Подъехал Франсуа; Клем поцеловала Ги в щёку, села в коляску, и они почти сразу же скрылись в темноте.
Ги с головой ушёл в работу. История Пьера и Жана соответствовала его новому настроению, и он писал быстро, обдумывал дальнейшие эпизоды, прогуливаясь по тенистой аллее из молодых ясеней, прислушиваясь к шелесту западного ветра в листве. В такие минуты, с готовым разорваться сердцем, он чувствовал себя слитым со всеми живыми существами на свете и любил весь мир.
Сцены «Пьера и Жана» писались без усилий, их окрашивала мучительная нежность, которую он ощущал вокруг, радость бытия и любовь ко всем живым существам, каких он видел в цветущей нормандской глуши. Редко он чувствовал себя в такой гармонии со всем миром. И он понял то пронзительное, горькое соответствие между жестокостью и жалостью, которое, как учил Флобер, очень близко к сущности жизни и искусства. Франсуа каждое утро ставил ему на стол букет свежих цветов.

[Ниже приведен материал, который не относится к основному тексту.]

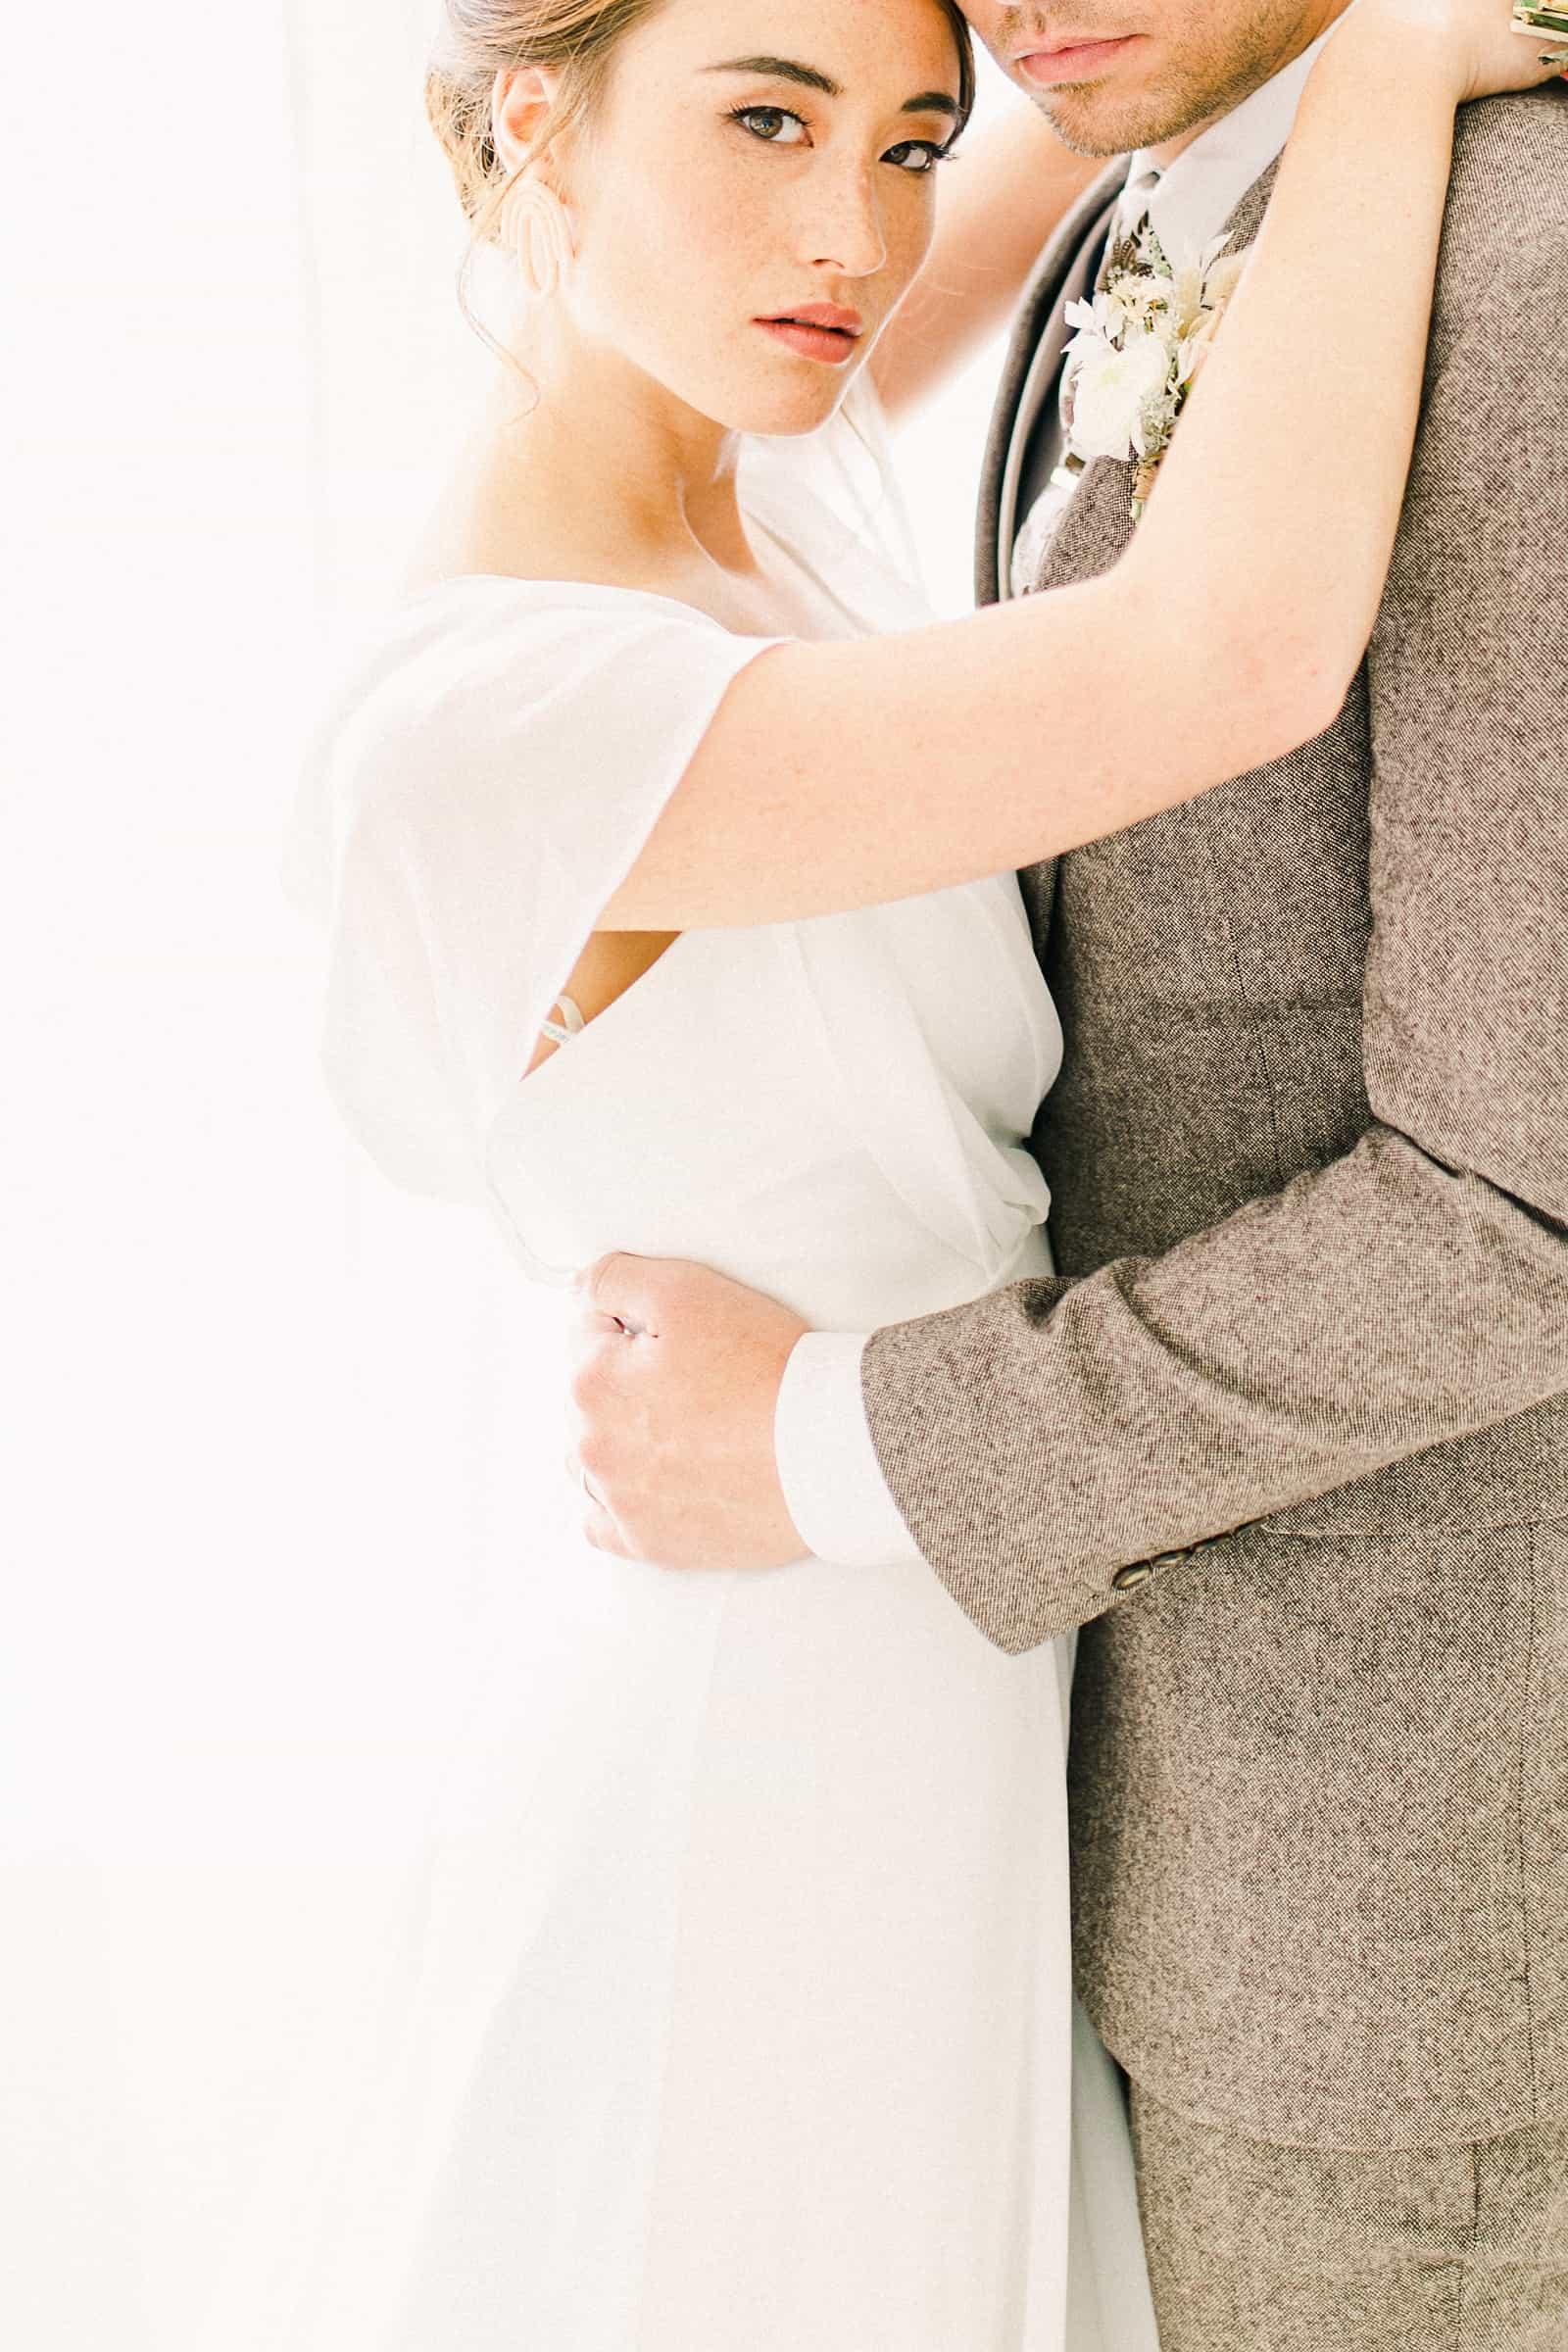 Modern bride and groom, minimalist wedding

Однажды, когда сгущались штормовые тучи, Ги услышал, как подъехал экипаж. Он вышел из тихого дома.
— Мари!
Она стояла у входа, очень красивая в полосатом летнем платье, с шарфиком в руке, внезапно озарив собой всё, изгладив все прочие воспоминания и желания.
— Я думал, вы далеко отсюда, вместе с Казнами.

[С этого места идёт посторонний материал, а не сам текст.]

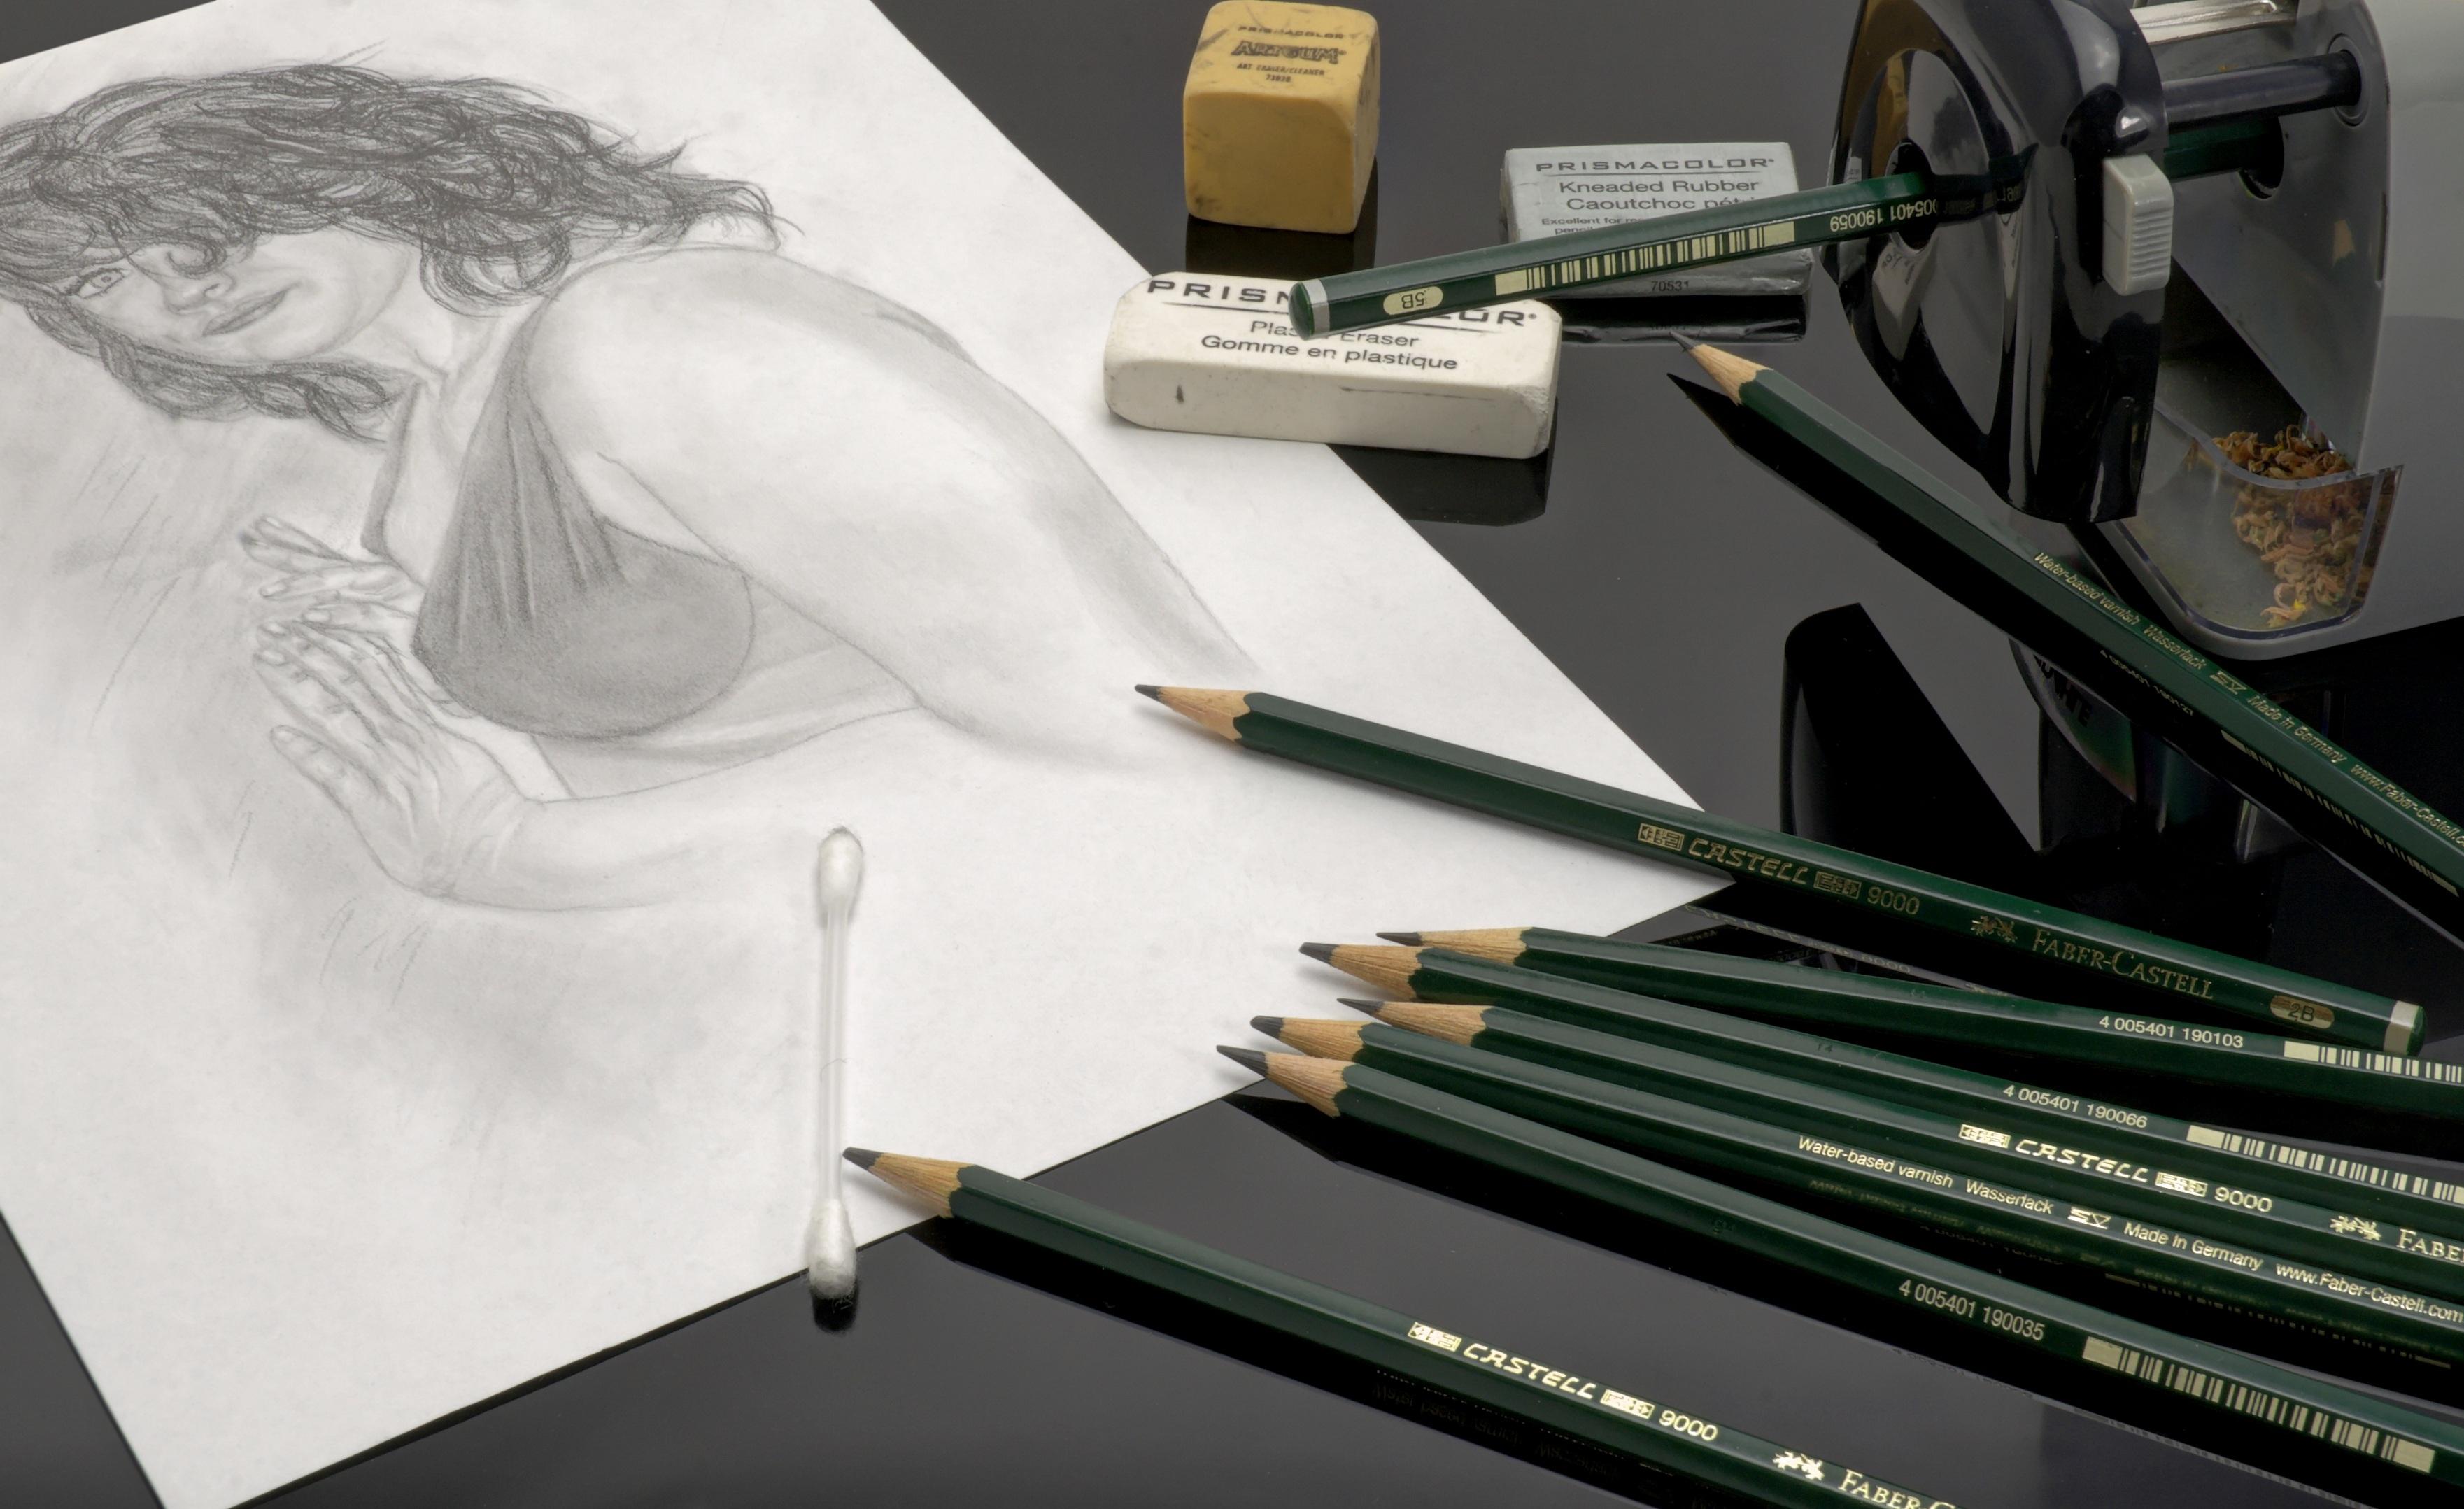 Desk writing pencil leaf office paper artwork eraser art sketch drawing pens stationery document draw artists

Он коснулся губами её руки.
— Я что — не вовремя?
Это было в её духе; Ги не смог ответить. Мари вошла с ним в дом. Она была холодной и восхитительной.
— Я не представляла, что это так далеко. О, как здесь красиво!
Мари стояла, любуясь гостиной.
— Я сейчас расплачусь с кучером.
— Нет, нет, Ги. Я приехала только поздороваться и велела ему подождать.
Она приплыла в Гавр на яхте в компании друзей-англичан; ей «стало скучно», и, поддавшись порыву, она наняла экипаж и поехала заглянуть к нему.
Франсуа подал чай. Мари рассказывала, иногда с сарказмом, о тех, с кем плавала по морю, и чувствовала его безмолвное обожание. Ги подумал о том, что между ними иногда возникает эта холодность. Он весело слушал её циничные откровения — и в то же время настороженно ждал, не прозвучит ли в её словах насмешка над ним. Иногда она успокаивала его случайным взглядом, переменой настроения, в которой сквозили понимание и нежность. Она была сложной натурой.
Когда стало темнеть, Мари поднялась. Ги взял её за руку.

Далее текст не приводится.